Risk Factors for Neuropsychiatric Symptoms in Dementia: The Cache County Study
International Journal of Geriatric Psychiatry
Objective: To investigate the probability of individual neuropsychiatric symptoms in dementia patients as a function of eight risk factors. Methods: In the Cache County Study, we administered the Neuropsychiatric Inventory (NPI) to 328 dementia patients at baseline. Approximately 18 months later, we re-administered the NPI to 184 participants available for follow-up.
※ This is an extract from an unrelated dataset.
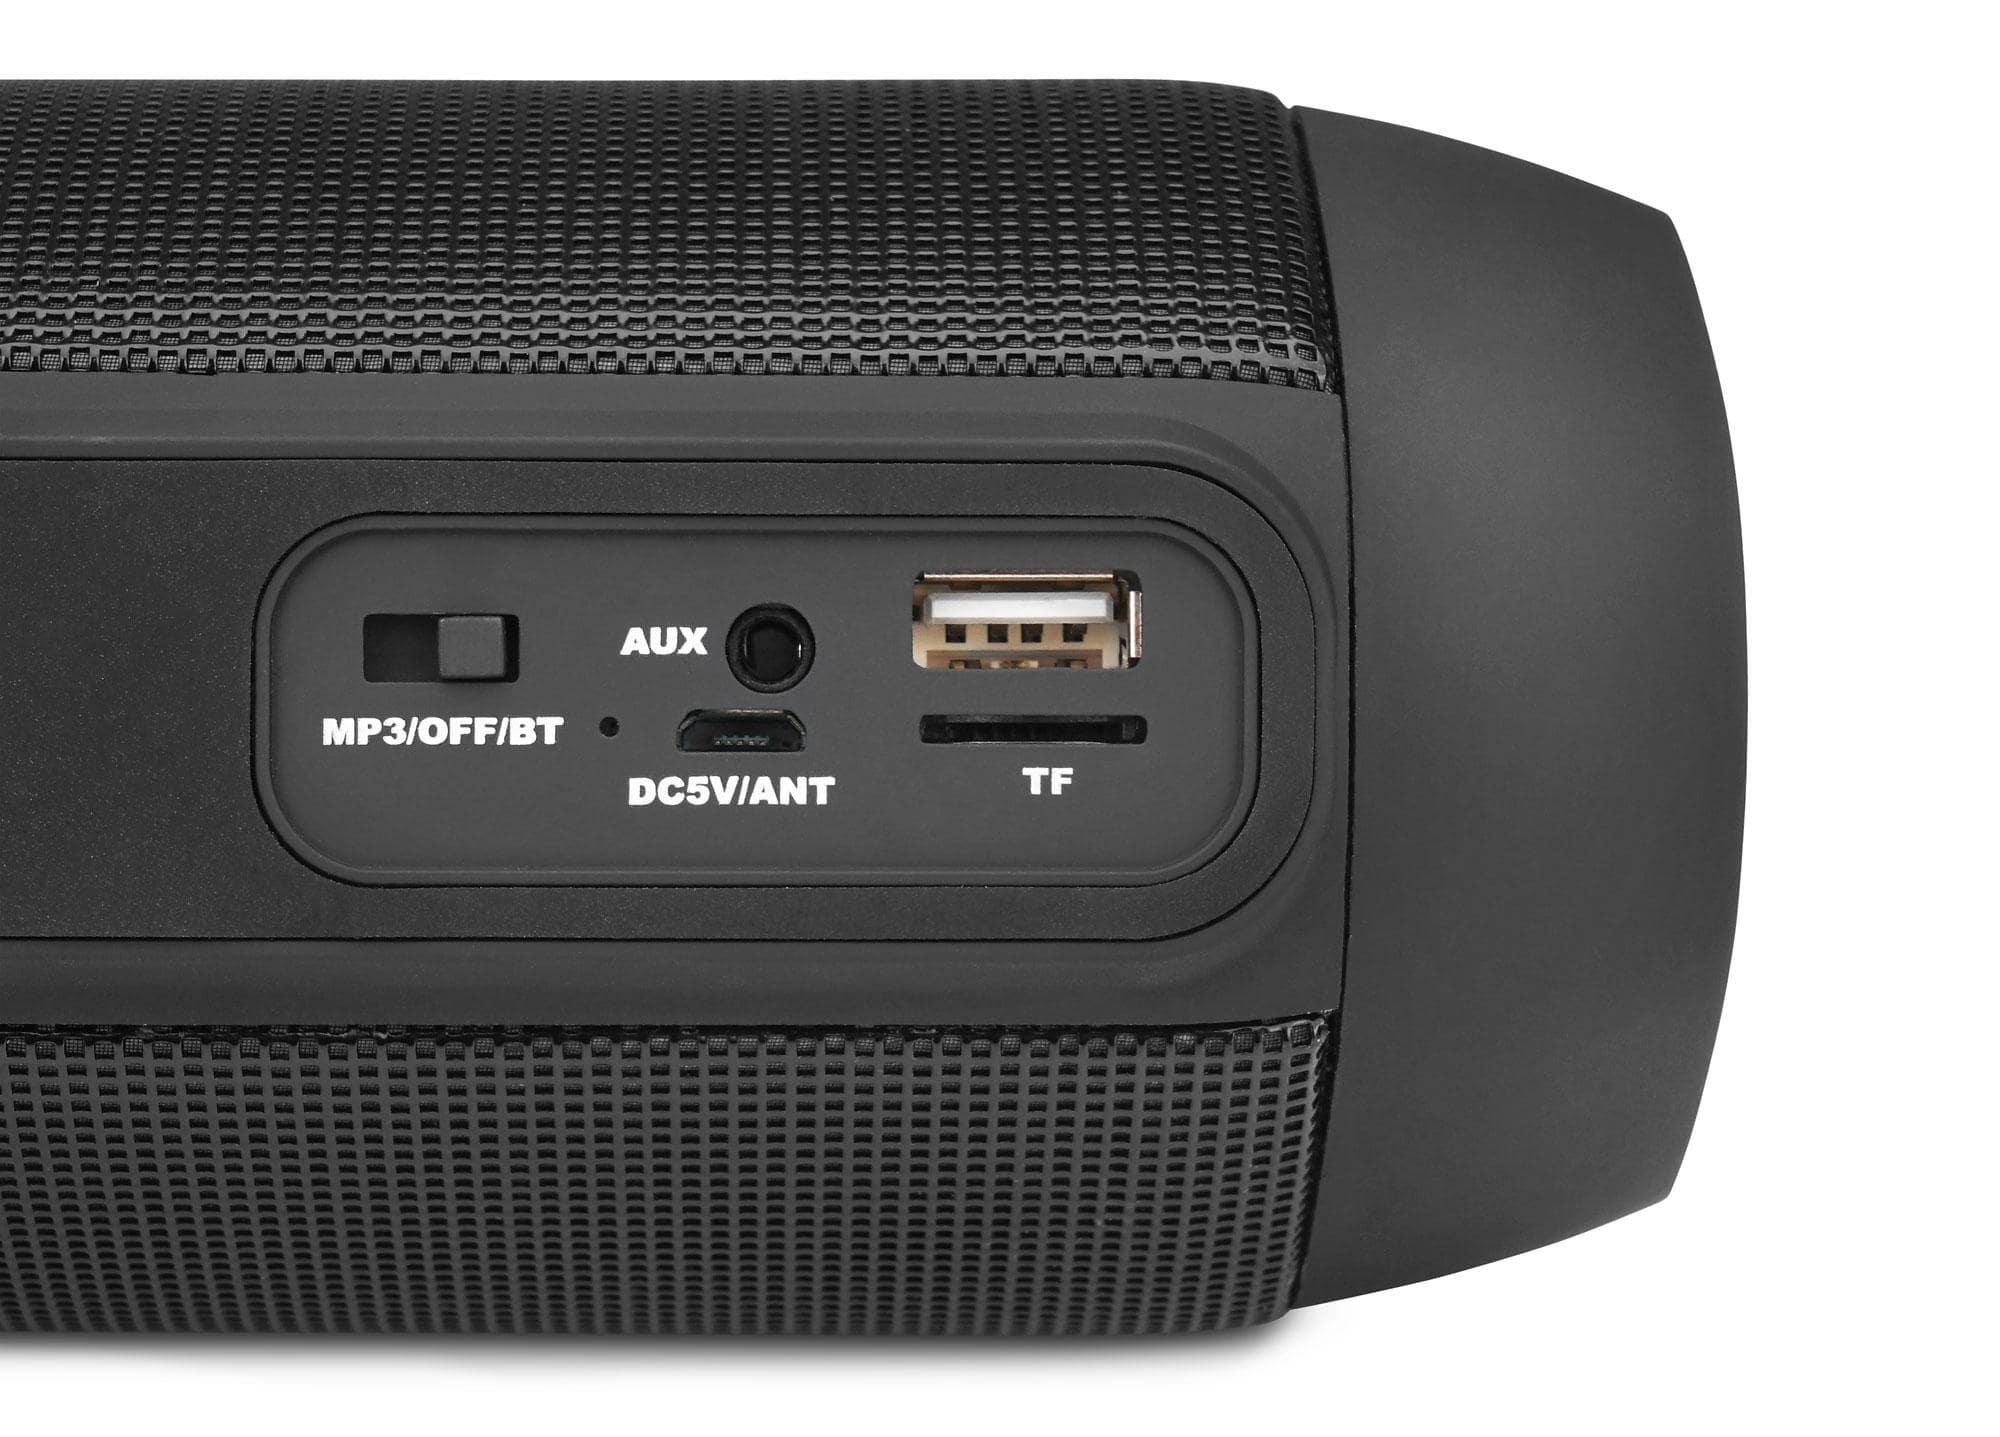 portabler bluetooth lautsprecher musik bass box stereo anlage usb sd mp3 player eur 24 90. Black Bedroom Furniture Sets. Home Design Ideas

Generalized estimating equation methods were used to model the probability of individual neuropsychiatric symptoms as a function of: gender, age, education, dementia type and severity, APOE status, time of observation, and general medical health. Results: Women showed increased tendency toward anxiety, [odds ratio (OR) 2.22, 95% confidence interval (CI) 1.31-3.76] and delusions (OR 2.15, CI 1.22-3.78), but older persons of both sexes showed less tendency toward anxiety. Dementia severity increased the tendency toward hallucinations and agitation (OR 2.42, CI 1.81-3.23) and decreased risk of depression. Positive APOE 4 status increased the tendency toward aberrant motor behavior (OR 1.84, CI 1.05-3.22). Among dementia diagnoses, those with Alzheimer's disease showed decreased tendency toward agitation (OR 0.58, CI 0.35-0.95), depression (OR 0.56, CI 0.33-0.96) and disinhibition (OR 0.46, CI 0.24-0.88). Later time of observation increased risk of aberrant motor behavior and delusions, and more serious medical comorbidity increased risk of, agitation, irritability, disinhibition, and aberrant motor behavior. Conclusions: Gender, age, dementia severity, APOE 4, dementia diagnosis, time of observation, and general medical health appear to influence the occurrence of individual neuropsychiatric symptoms.
Steinberg M, Corcoran C, Tschanz JT, Huber C, Welsh-Bohmer K, Norton MC, Zandi P, Breitner JCS, Steffens DC, Lyketsos CG. Risk factors for neuropsychiatric symptoms in dementia: The Cache County Study. Int J Geriatr Psychiatry. 2006 Sep;21(9):824-830.